6 Replies Latest reply on Aug 6, 2014 11:23 PM by genman

RHQ Storage/Cassandra performance issue in RHQ 4.12

genman Aug 1, 2014 4:48 PM

This is my (fairly large) test system, with 3 cassandra nodes, 6 disks each, etc.

RHQ 4.9 performed fairly well, with compaction/aggregation times, so I'm not sure why performance is worse or different.

This is what I observe.

Overall, I am getting a high number of timeout exceptions on reading data. I increased request timeout from 12 seconds to 60 through a code change and it somewhat helped.

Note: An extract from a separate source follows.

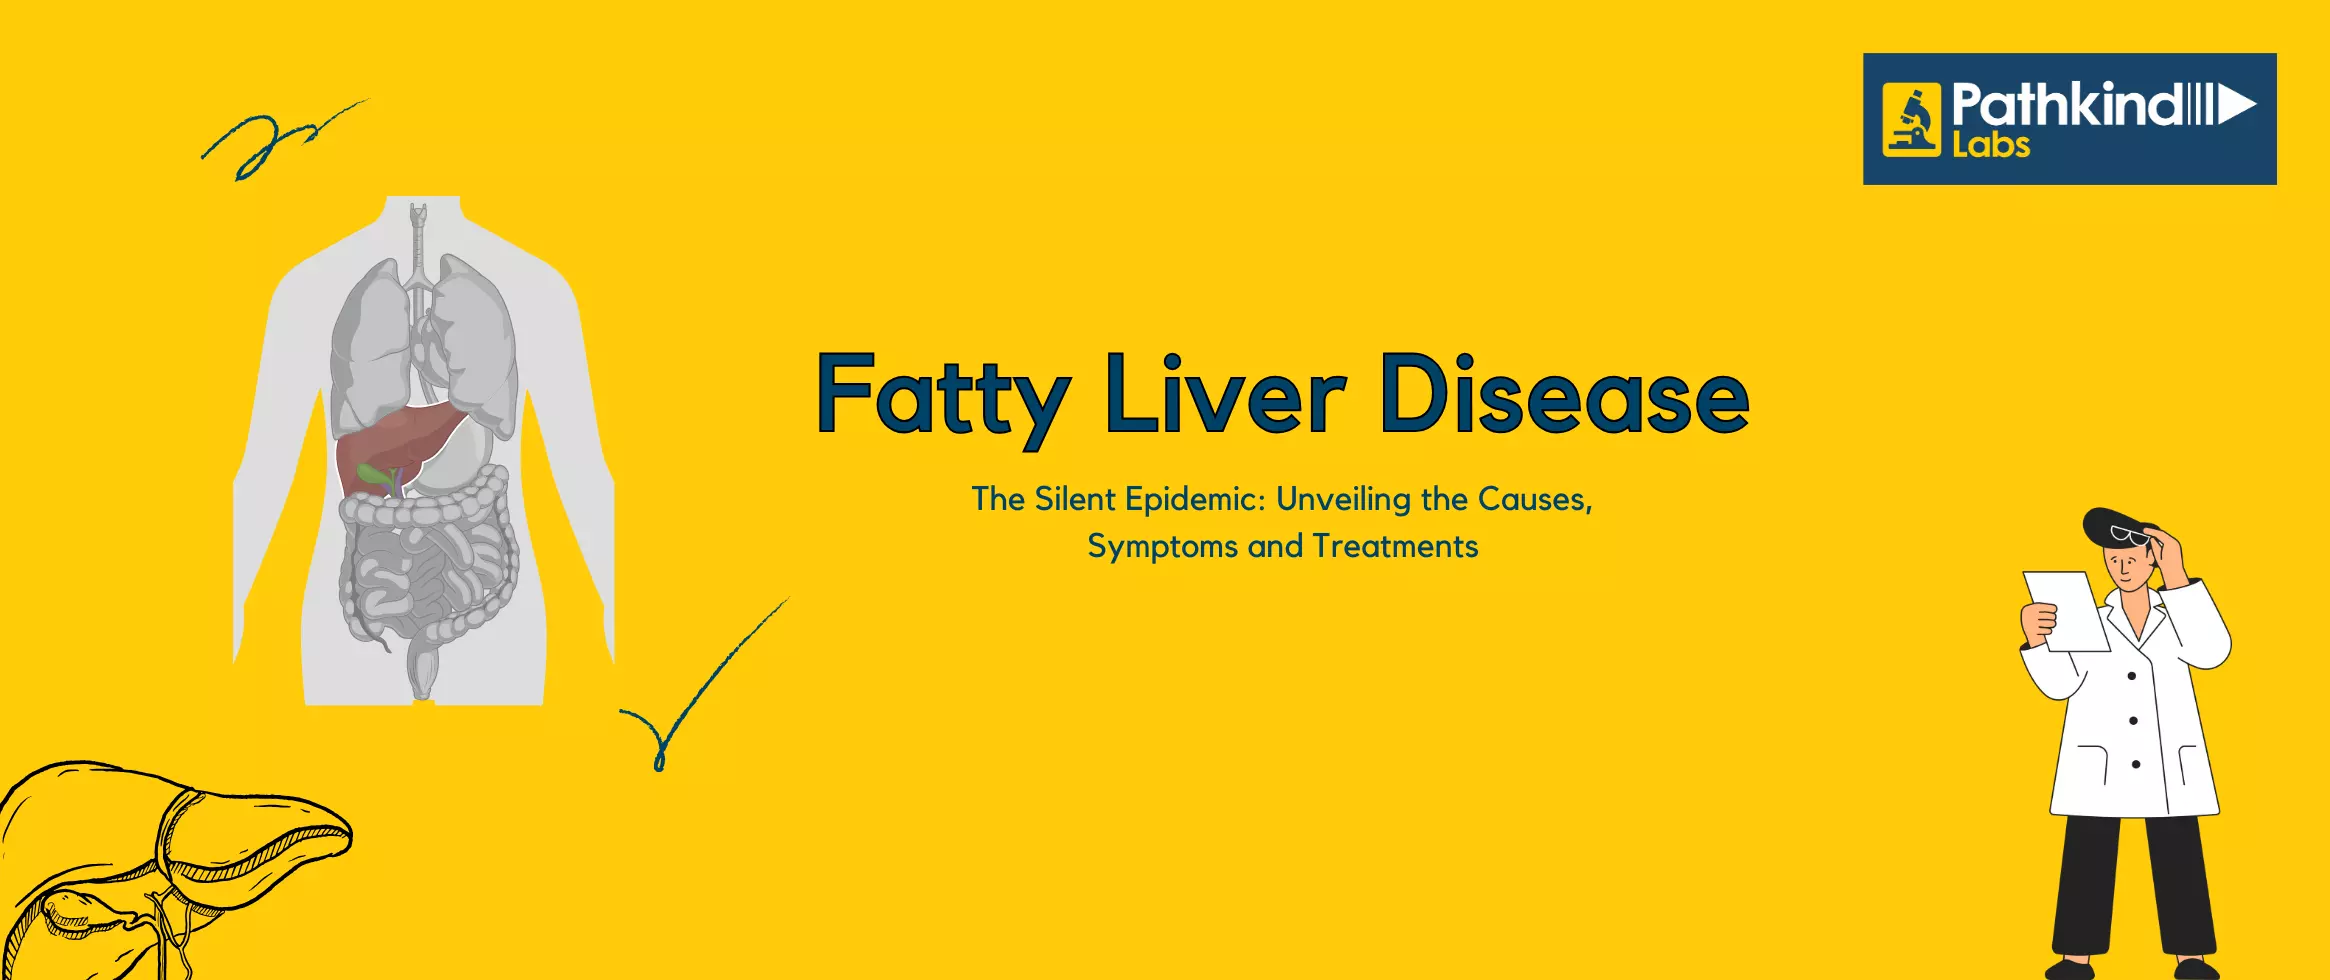 Causes, Symptoms and Treatments of Fatty Liver Disease

The nodes 'go down' and then come back frequently. Frequently the nodes hang (with high CPU) either outputting stuff like this: (which I think is GC cycling)

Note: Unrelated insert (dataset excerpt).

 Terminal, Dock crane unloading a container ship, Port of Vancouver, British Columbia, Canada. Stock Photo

 INFO [ScheduledTasks:1] 2014-08-01 20:00:03,766 GCInspector.java (line 119) GC for ParNew: 609 ms for 2 collections, 5112200464 used; max is 8380219392
 INFO [ScheduledTasks:1] 2014-08-01 20:00:06,641 GCInspector.java (line 119) GC for ParNew: 1895 ms for 1 collections, 5760737488 used; max is 8380219392
ERROR [Native-Transport-Requests:10200] 2014-08-01 20:09:07,215 ErrorMessage.java (line 210) Unexpected exception during request
java.io.IOException: Connection reset by peer
  at sun.nio.ch.FileDispatcherImpl.read0(Native Method)
  at sun.nio.ch.SocketDispatcher.read(SocketDispatcher.java:39)
  at sun.nio.ch.IOUtil.readIntoNativeBuffer(IOUtil.java:223)
  at sun.nio.ch.IOUtil.read(IOUtil.java:192)
  at sun.nio.ch.SocketChannelImpl.read(SocketChannelImpl.java:375)
  at org.jboss.netty.channel.socket.nio.NioWorker.read(NioWorker.java:64)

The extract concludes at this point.